Result for IMPALA_FxEnv_b6510_00000:
  custom_metrics:
    ep_avg_MFE_max: 0.001540000000000023
    ep_avg_MFE_mean: 0.0006416455978013039
    ep_avg_MFE_min: 0.00016333333333329314
    ep_long_to_total_ratio_max: 0.875
    ep_long_to_total_ratio_mean: 0.5310642971395441
    ep_long_to_total_ratio_min: 0.16666666666666666
    ep_order_count_max: 184
    ep_order_count_mean: 28.634146341463413
    ep_order_count_min: 4
    ep_order_entry_velocity_max: 0.020698051948051948
    ep_order_entry_velocity_mean: 0.012475068898716472
    ep_order_entry_velocity_min: 0.006825938566552901
    ep_sharpe_ratio_max: 49.25959419484006
    ep_sharpe_ratio_mean: -16.578713693954487
    ep_sharpe_ratio_min: -61.33495635798412
    ep_total_return_rate_max: 0.06949751584552555
    ep_total_return_rate_mean: -0.04765599001411366
    ep_total_return_rate_min: -0.2038292187034334
    ep_win_rate_max: 1.0
    ep_win_rate_mean: 0.46346413652680657
    ep_win_rate_min: 0.0
  date: 2020-06-07_10-46-46

......

  time_since_restore: 124.94992399215698
  time_this_iter_s: 8.119489192962646
  time_total_s: 124.94992399215698
  timers:
    sample_throughput: 19858.857
    sample_time_ms: 25.178
  timestamp: 1591498006
  timesteps_since_restore: 0
  timesteps_total: 179500
  training_iteration: 10
  trial_id: b6510_00000

== Status ==
Memory usage on this node: 16.9/94.2 GiB
Using FIFO scheduling algorithm.
Resources requested: 16/16 CPUs, 1/1 GPUs, 0.0/54.59 GiB heap, 0.0/18.8 GiB objects
Result logdir: /home/simon/ray_results/IMPALA
Number of trials: 1 (1 RUNNING)
+--------------------------+----------+------------------+--------+------------------+--------+----------+
| Trial name               | status   | loc              |   iter |   total time (s) |     ts |   reward |
|--------------------------+----------+------------------+--------+------------------+--------+----------|
| IMPALA_FxEnv_b6510_00000 | RUNNING  | 192.168.1.3:5389 |     10 |           124.95 | 179500 | -48.6208 |
+--------------------------+----------+------------------+--------+------------------+--------+----------+

stale[bot] commented 3 years ago

Hi, I'm a bot from the Ray team :)

To help human contributors to focus on more relevant issues, I will automatically add the stale label to issues that have had no activity for more than 4 months.
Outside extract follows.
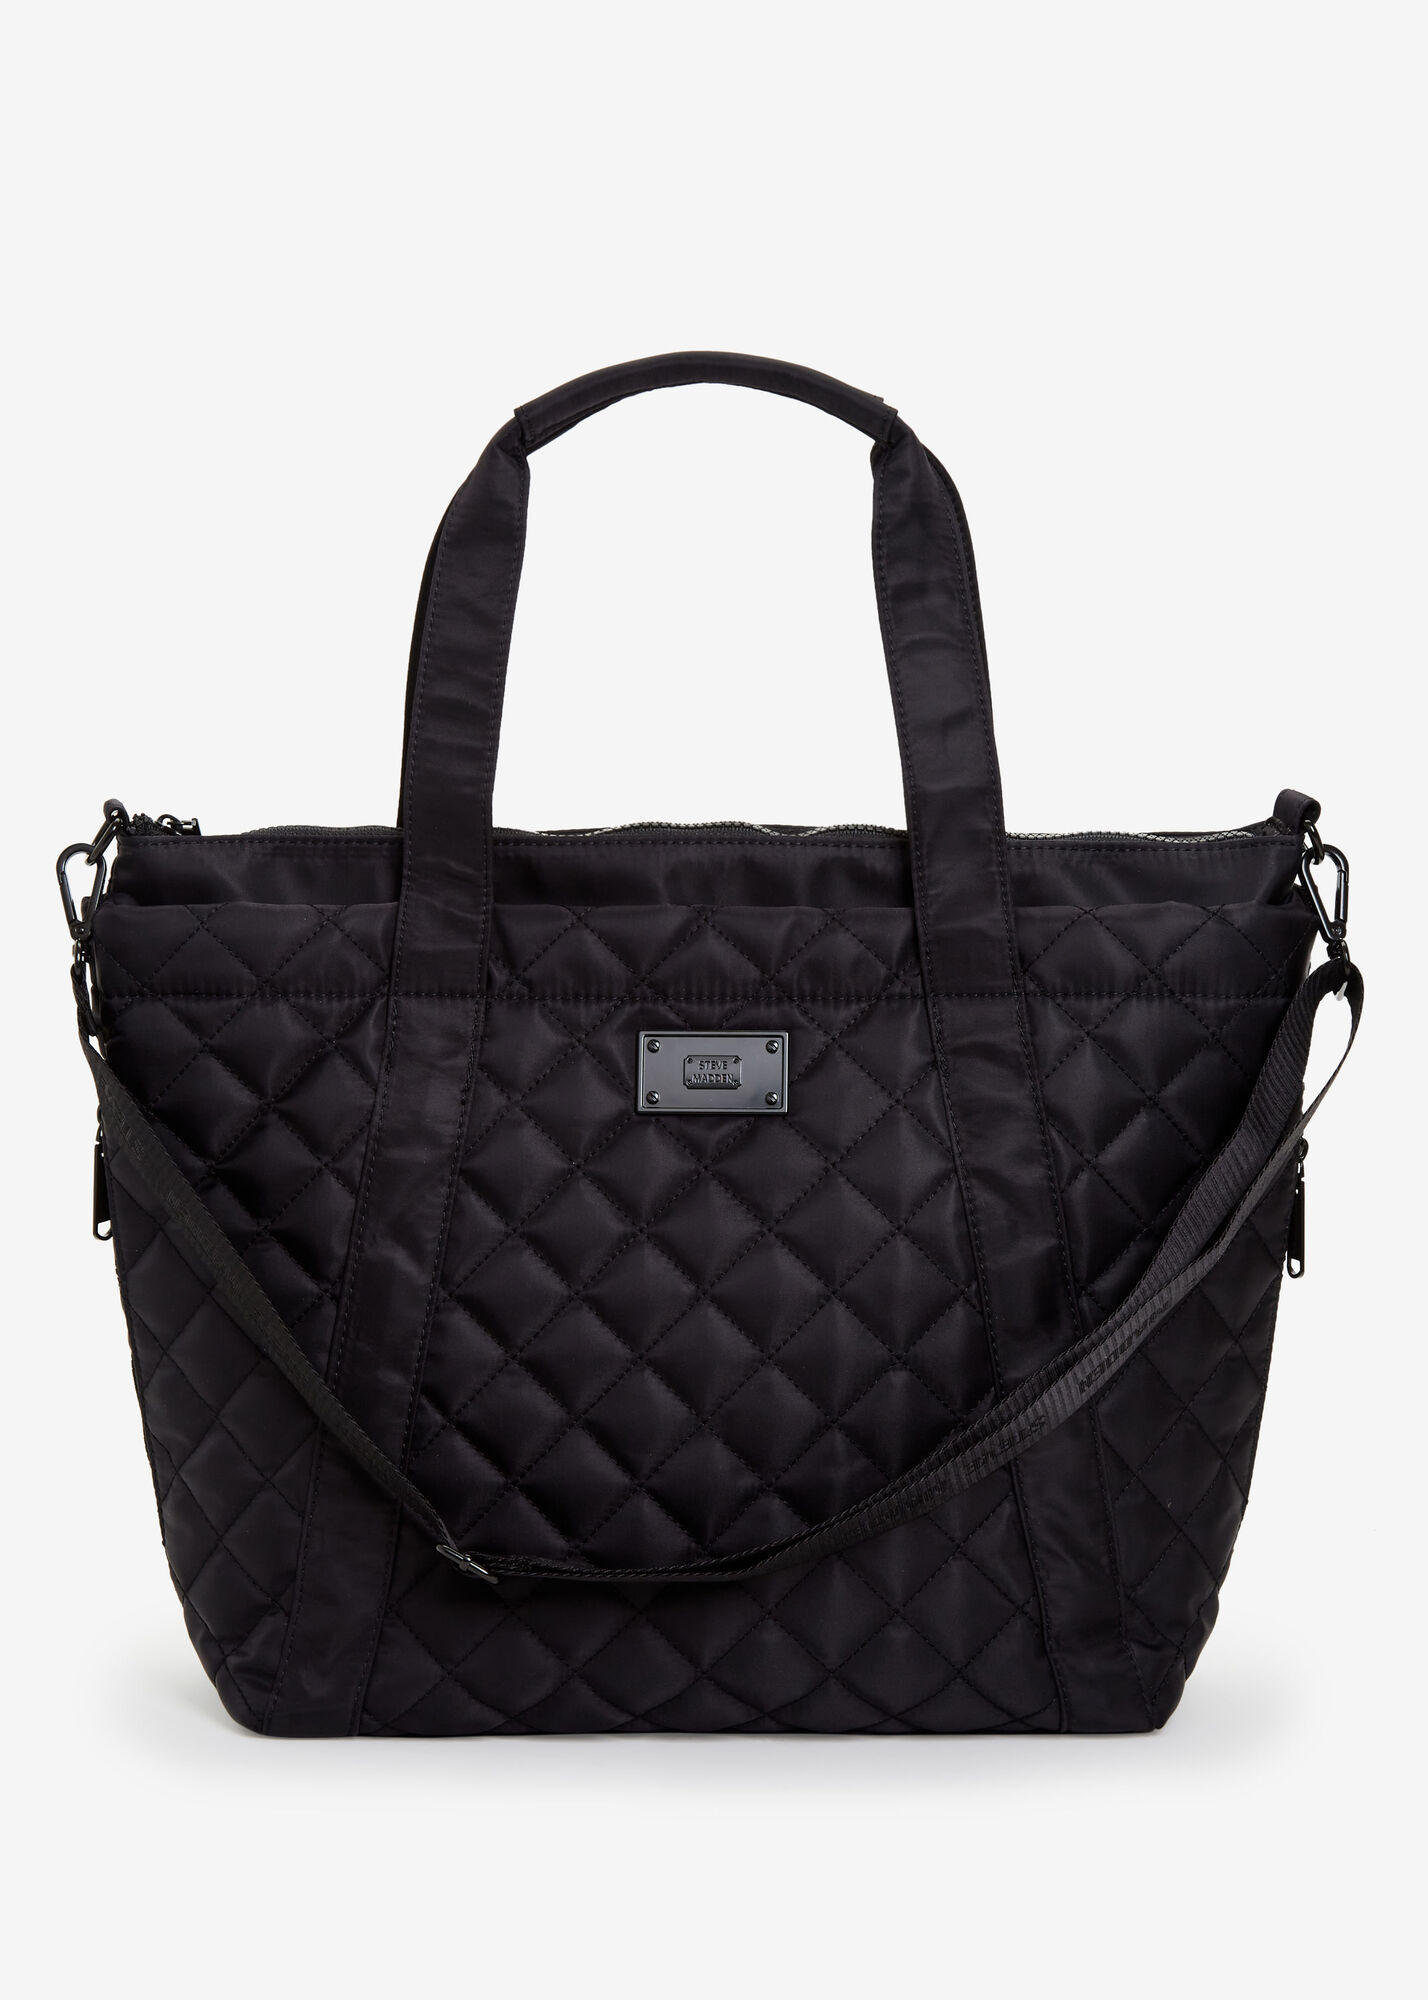 Designer Tote Bags For Women: Leather and Nylon

If there is no further activity in the 14 days, the issue will be closed!

If you'd like to keep the issue open, just leave any comment, and the stale label will be removed!
If you'd like to get more attention to the issue, please tag one of Ray's contributors.

You can always ask for help on our discussion forum or Ray's public slack channel.

stale[bot] commented 3 years ago

Hi again! The issue will be closed because there has been no more activity in the 14 days since the last message.

Please feel free to reopen or open a new issue if you'd still like it to be addressed.

Again, you can always ask for help on our discussion forum or Ray's public slack channel.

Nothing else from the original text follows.